(Fortune) -- For three decades, Japanese manufacturers have been chewing through the U.S. auto market like termites in a lumberyard. Led by Toyota, Honda, and Nissan, they now account for more than 38% of sales.
But that rapid advance may be coming to an end. Reason: Japanese product cycles are generally converging to the industry average. They are churning out new models no more quickly than everybody else.
That's just one of the surprising conclusions in the latest edition of "Car Wars," published by Bank of America Merrill Lynch's chief auto analyst john Murphy.
Car Wars is an annual study that assesses the relative strength of each automaker's product pipeline. Its thesis is that the rate at which an automaker refreshes its product line is a major determinant of its market share. In other words, the manufacturer with the newest car line wins. Over the last ten years, automakers with the highest replacement rate and the youngest showroom age have gained sales at the expense of competitors.
The end of a 30-year trend
What's going to hold back Japanese growth in the future, Murphy writes, is its slowing rate of replacement.
Honda (HMC) leads the industry with a planned 129% replacement rate between 2011 and 2014.
But Toyota (TM) is below the industry average for the next four years. And the average annual replacement rate for the Japanese of 27% is in line with the rest of the industry. Concludes Murphy: "We don't expect Japanese OEMs in total to carve off large chunks of market share, ending the trend of the last decade."
Europeans are also laggards in the survey. As befits their concentration in the upper reaches of the car market, they have a slower-than-average replacement rate. Some 46% of their new models are in the luxury and sporty car category versus 10% for the industry as a whole.
One popular-priced brand will be getting a lot of attention though. Volkswagen is opening a new plan in Tennessee and has some very ambitious goals for volume. It could be headed to dethrone Toyota as the world's largest automaker.
A big question mark is how some famous European brands will fare under their new owners. Volvo, Saab, Jaguar, and Range Rover have all changed hands in the past 24 months.
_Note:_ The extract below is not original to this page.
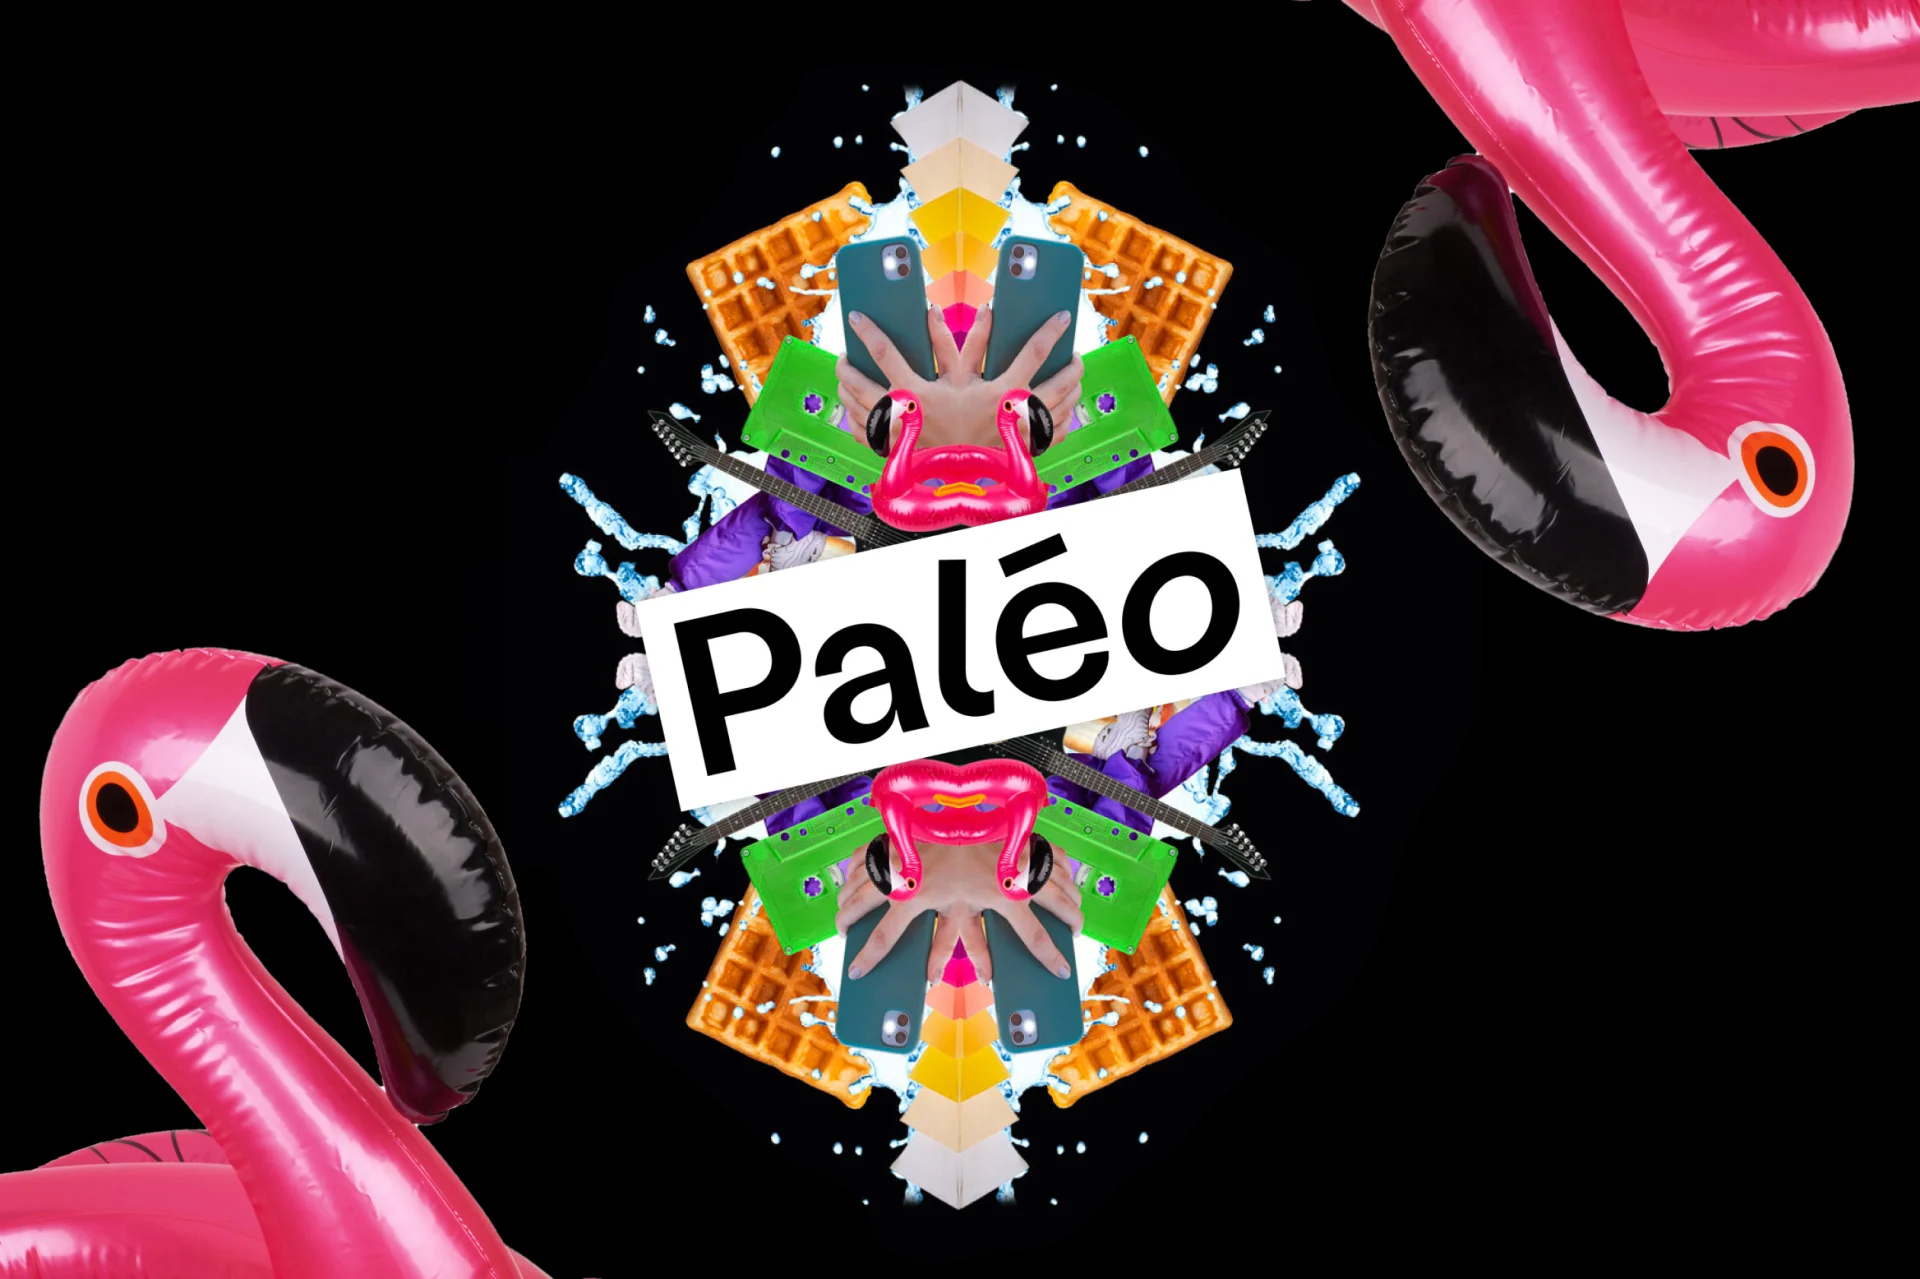 Collage for the Paléo Festival

Two out of three ain't bad
The Car Wars report contains relatively good news for two of the Detroit Three.
General Motors' product launches should stabilize the market share of its four remaining brands near their current levels. Through May, GM was running at a rate of 18.7%. That's well below its historical average, but after losing share for 50 years, the automaker would welcome a sign that its share losses have leveled off.
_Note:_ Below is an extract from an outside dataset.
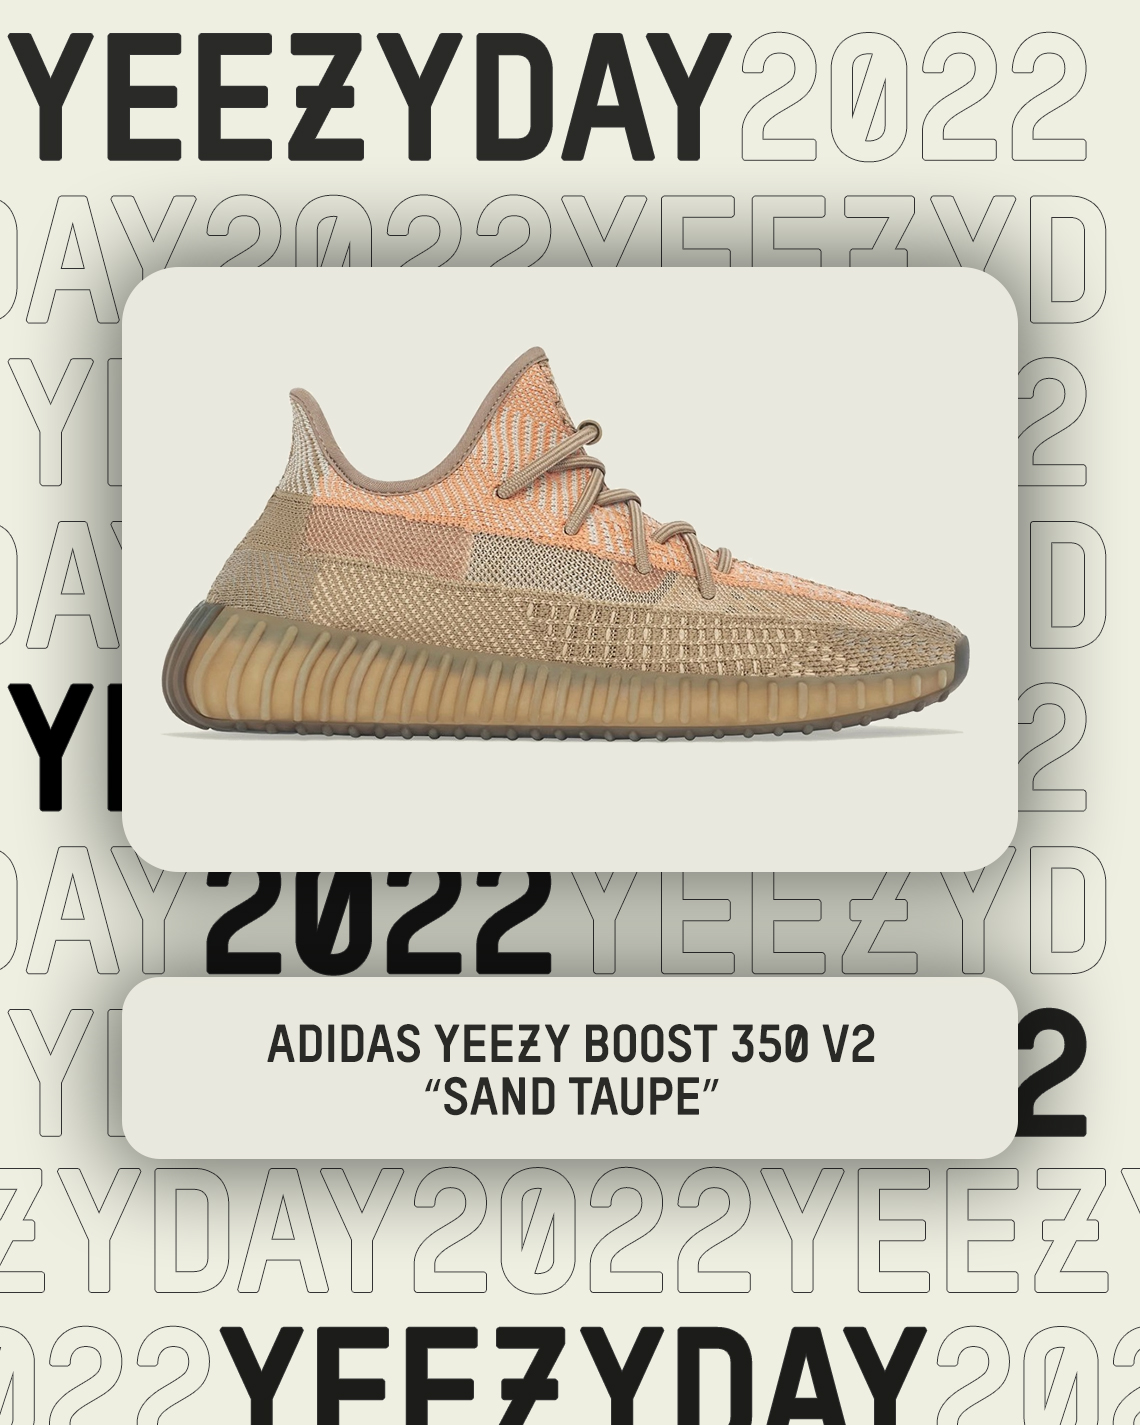 Yeezy Day 2022 Yeezy Boost 350 V2 Sand Taupe

GM remains primarily a truck company, though, which could handicap it if gas prices rise. The launch of its next-generation large pickup in 2014, along with a new Suburban, means that 44% of GM's new models over the next four years will be light trucks, versus 21% for the industry as a whole.
Ford is going heavier than other manufacturers into crossovers. The Explorer moves from a truck frame to a car-like unibody construction later this year, while a European-inspired crossover called the Grand C-Max arrives in 2012.
Like everybody else in Detroit, Murphy isn't expecting much out of Chrysler. A relative lack of investment by previous owners means that its annual average replacement rate over the next four years is 24%, below the industry average of 27%.
But the numbers don't reflect the impact that Fiat CEO Sergio Marchionne is making on the company. Marchionne is pushing Chrysler to move faster than it ever has before and to get creative in its design and marketing.
While Chrysler isn't full-out replacing a lot of volume, it is touching up many of its models. If advertising can create buzz, and customers pay attention, Chrysler could surprise some people.